Deckert and his family are among the 11,000 residents of Minot, the state’s fourth largest city with a population of 41,000, ordered to evacuate their homes June 22 in the Souris River valley. At that time the U.S. Army Corps of Engineers predicted that the cubic feet per second of water flowing would increase by nine feet, cresting at 1,564.5 feet above sea level by early Sunday morning.

Record rains in Saskatchewan that flooded four reservoirs, one at Lake Darling in North Dakota and three in Canada, caused the flood. The excess water was released into the Souris River that loops down into North Dakota before flowing back into Canada.

Deckert says residents were given 48 hours, then 40 hours and finally just 30 hours to leave their homes. His family was able to move out 95 percent of their belongings. For the most part, the evacuation was completed under sunny skies. “The sunshine was a blessing,” says Deckert.

Four other families in the small Mennonite Brethren congregation of 53 have also evacuated. “In a smaller church like ours, that's pretty huge,” says Deckert. “One of the houses survived, with the water coming up to the house right beside it.”

Deckert and his family live in the church parsonage and so the congregation also worked to prepare their church building for flooding. Volunteers moved the church furnishings from the basement to the main floor, placing things on the stage and on other temporary elevated surfaces. Read an essay by Jessica Vix about the evacuation.
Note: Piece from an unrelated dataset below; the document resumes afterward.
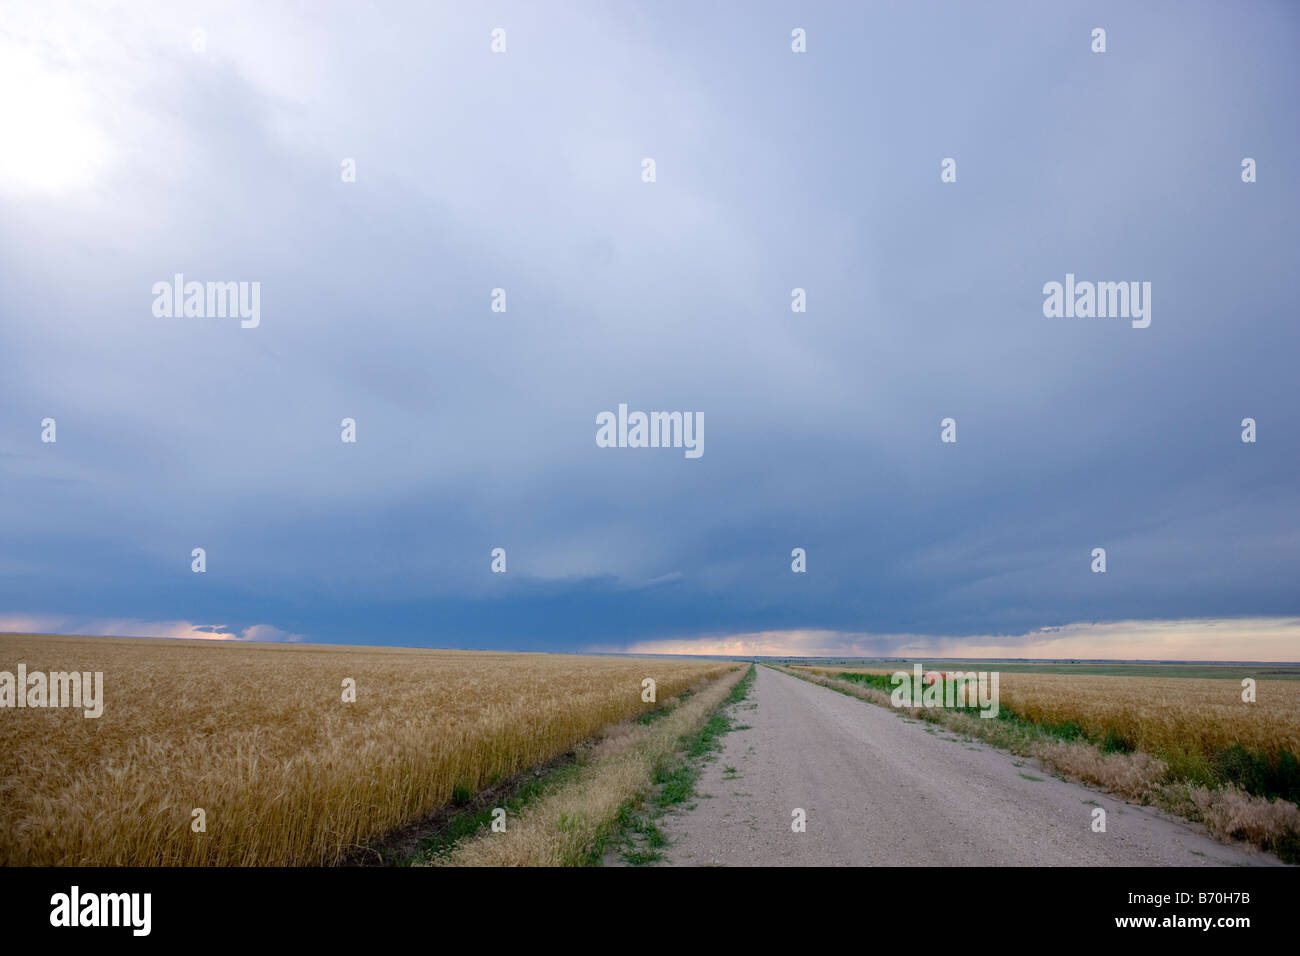 Road and wheat field in Wakeeney Kansas Stock Photo
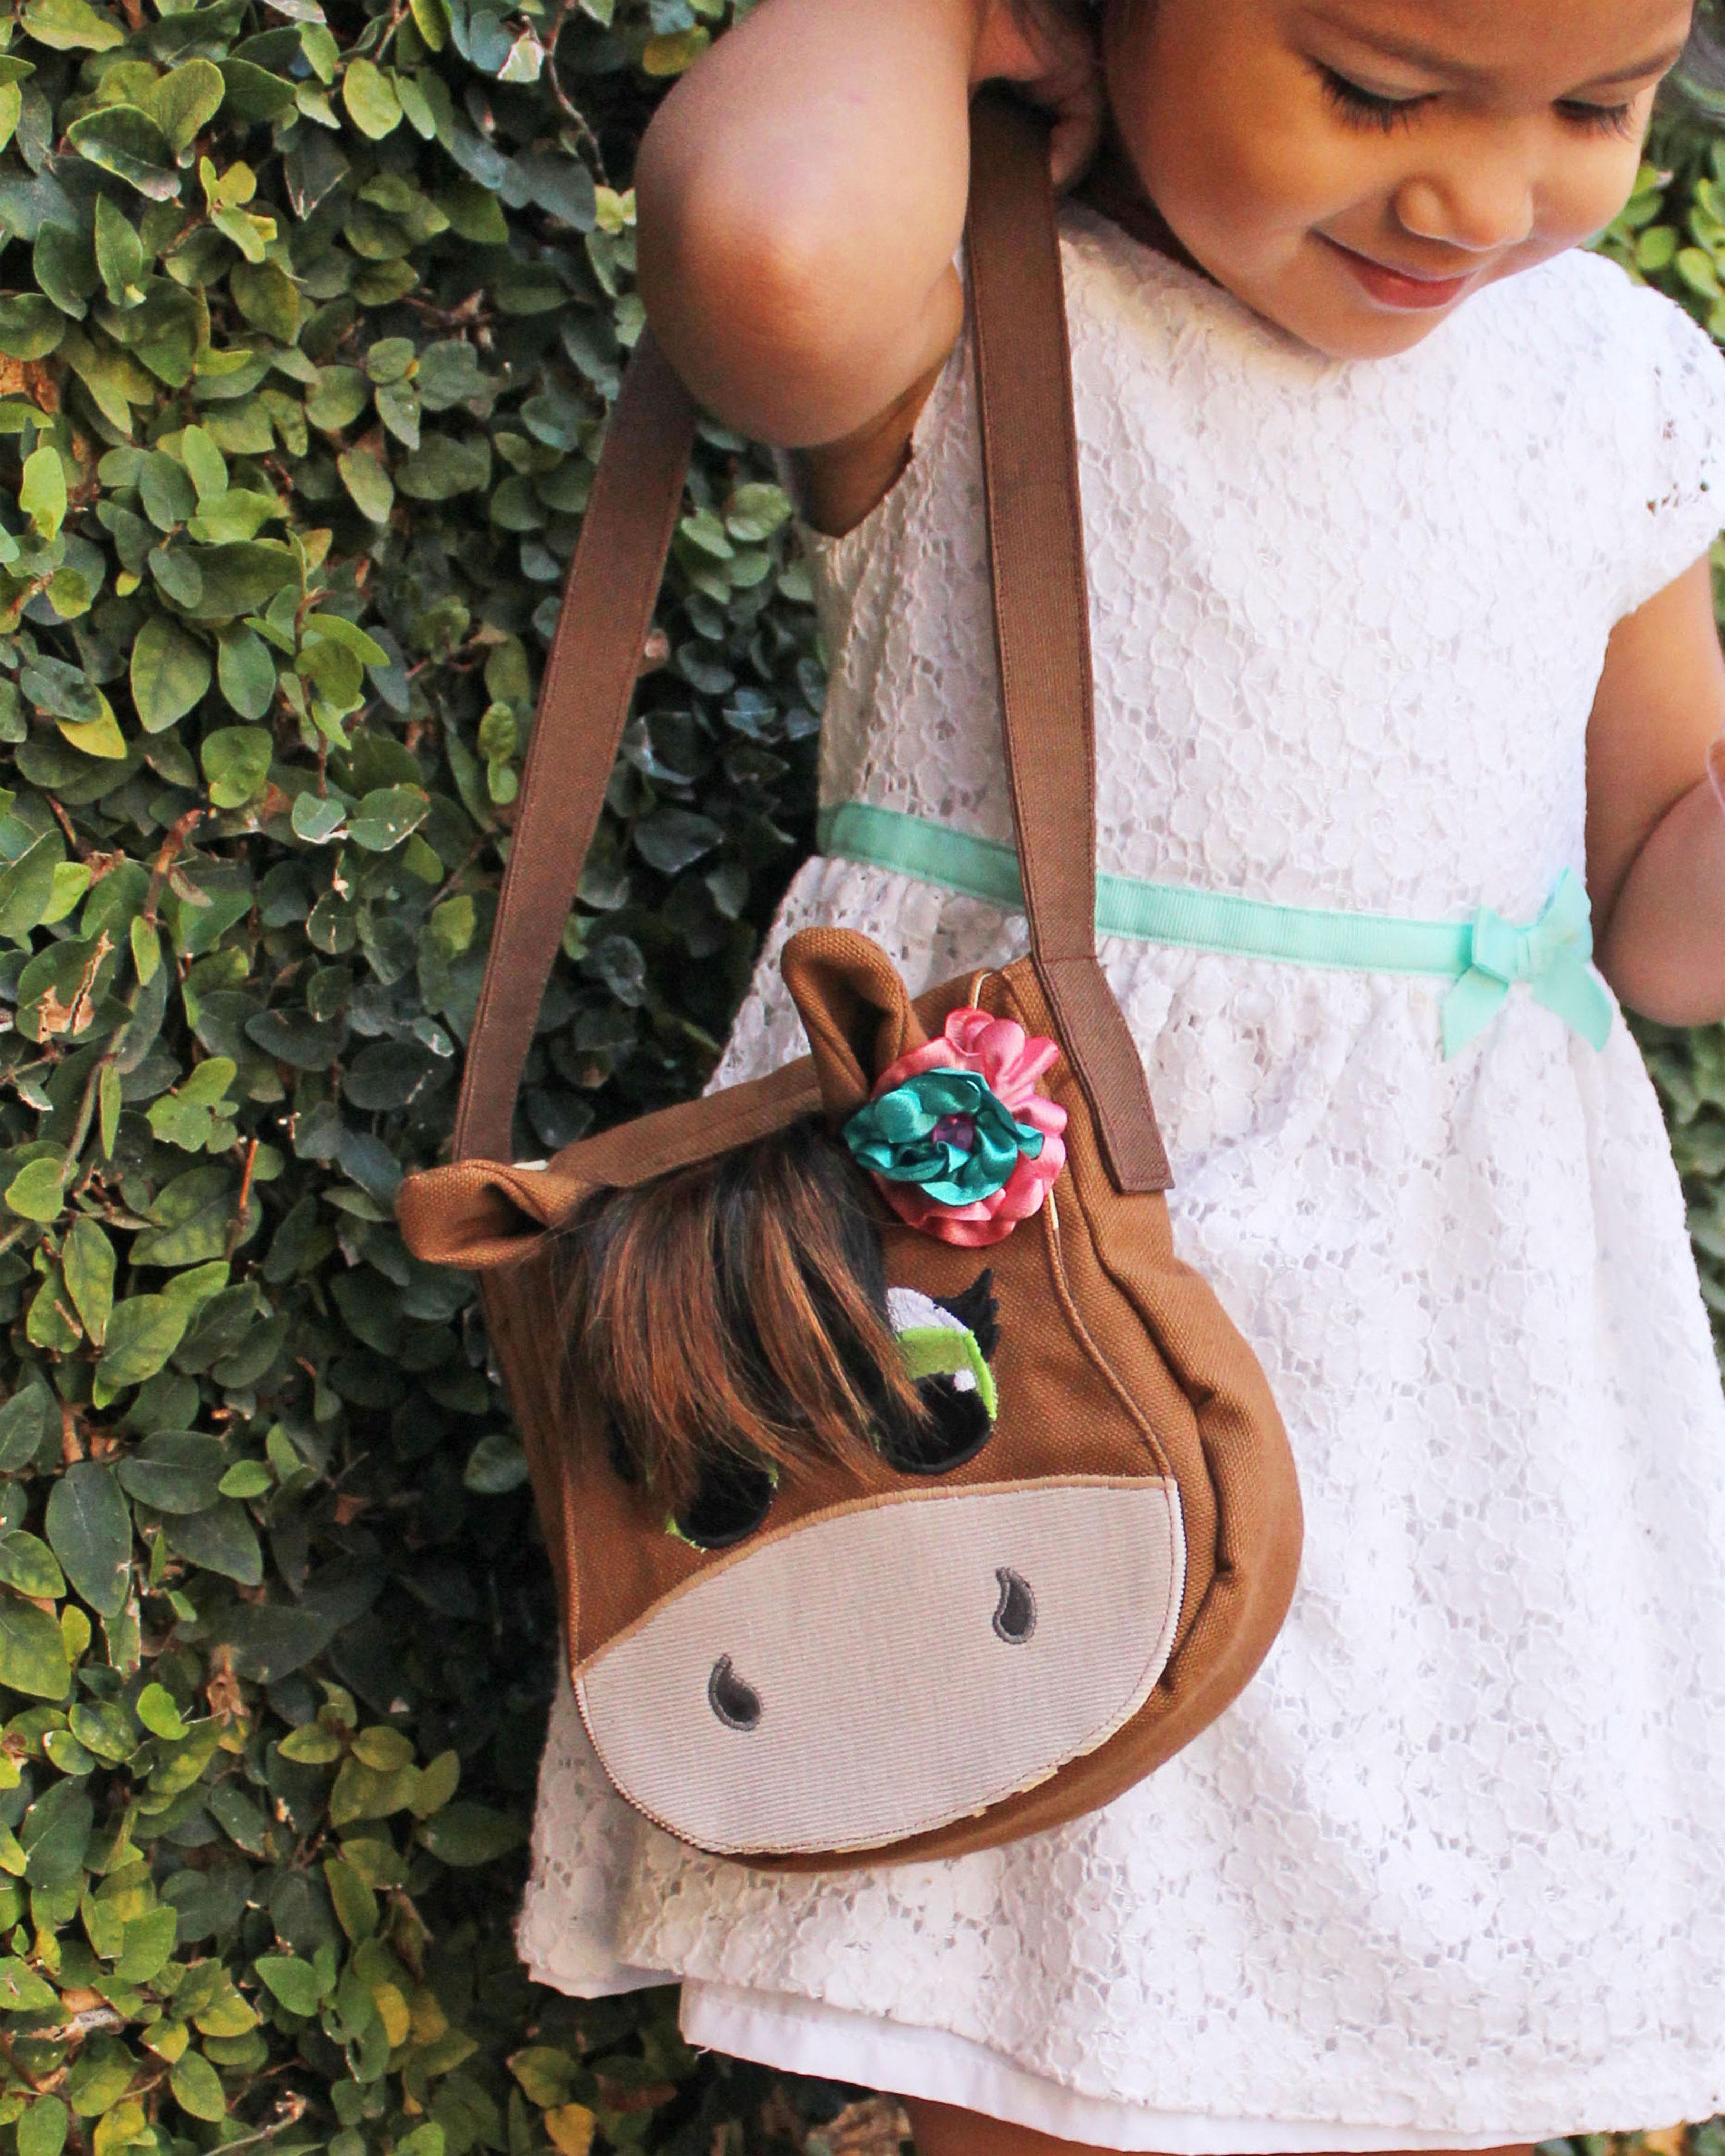 Horse Purse or Satchel Bag Child's Bag

Deckert estimates that the parsonage and church are standing in six feet of water, which means the congregation will have some decision to make when the waters recede. He thinks the main floor is likely underwater but is not sure where the water line is in relation to the pews.

Meanwhile, Bible Fellowship Church has made arrangements with Immanuel Baptist Church to use their church building through July. The MB congregation will hold worship services Sunday afternoon at 4 pm. Bible Fellowship will also be able to use the Baptist church building for Wednesday night activities during the summer. “We have good relationships with the other churches here in Minot,” says Deckert.

While waters have begun to recede, Minot residents know that it may be a while before they return to their homes. Estimates of when residents can go home vary, says Deckert, and have been as much as three weeks. Reports are that only 220 people are living in the city’s emergency shelter, says Deckert, and that statistic is a tribute to the care residents of this city have for one another. Deckert and his family are living in the basement of another family from the church.

Knowing that the U.S. Mennonite Brethren family is praying for Minot is making a difference, says Deckert. “I have sensed those prayers,” he says. “I have a different outlook on the situation—it doesn’t bother me like you’d think.”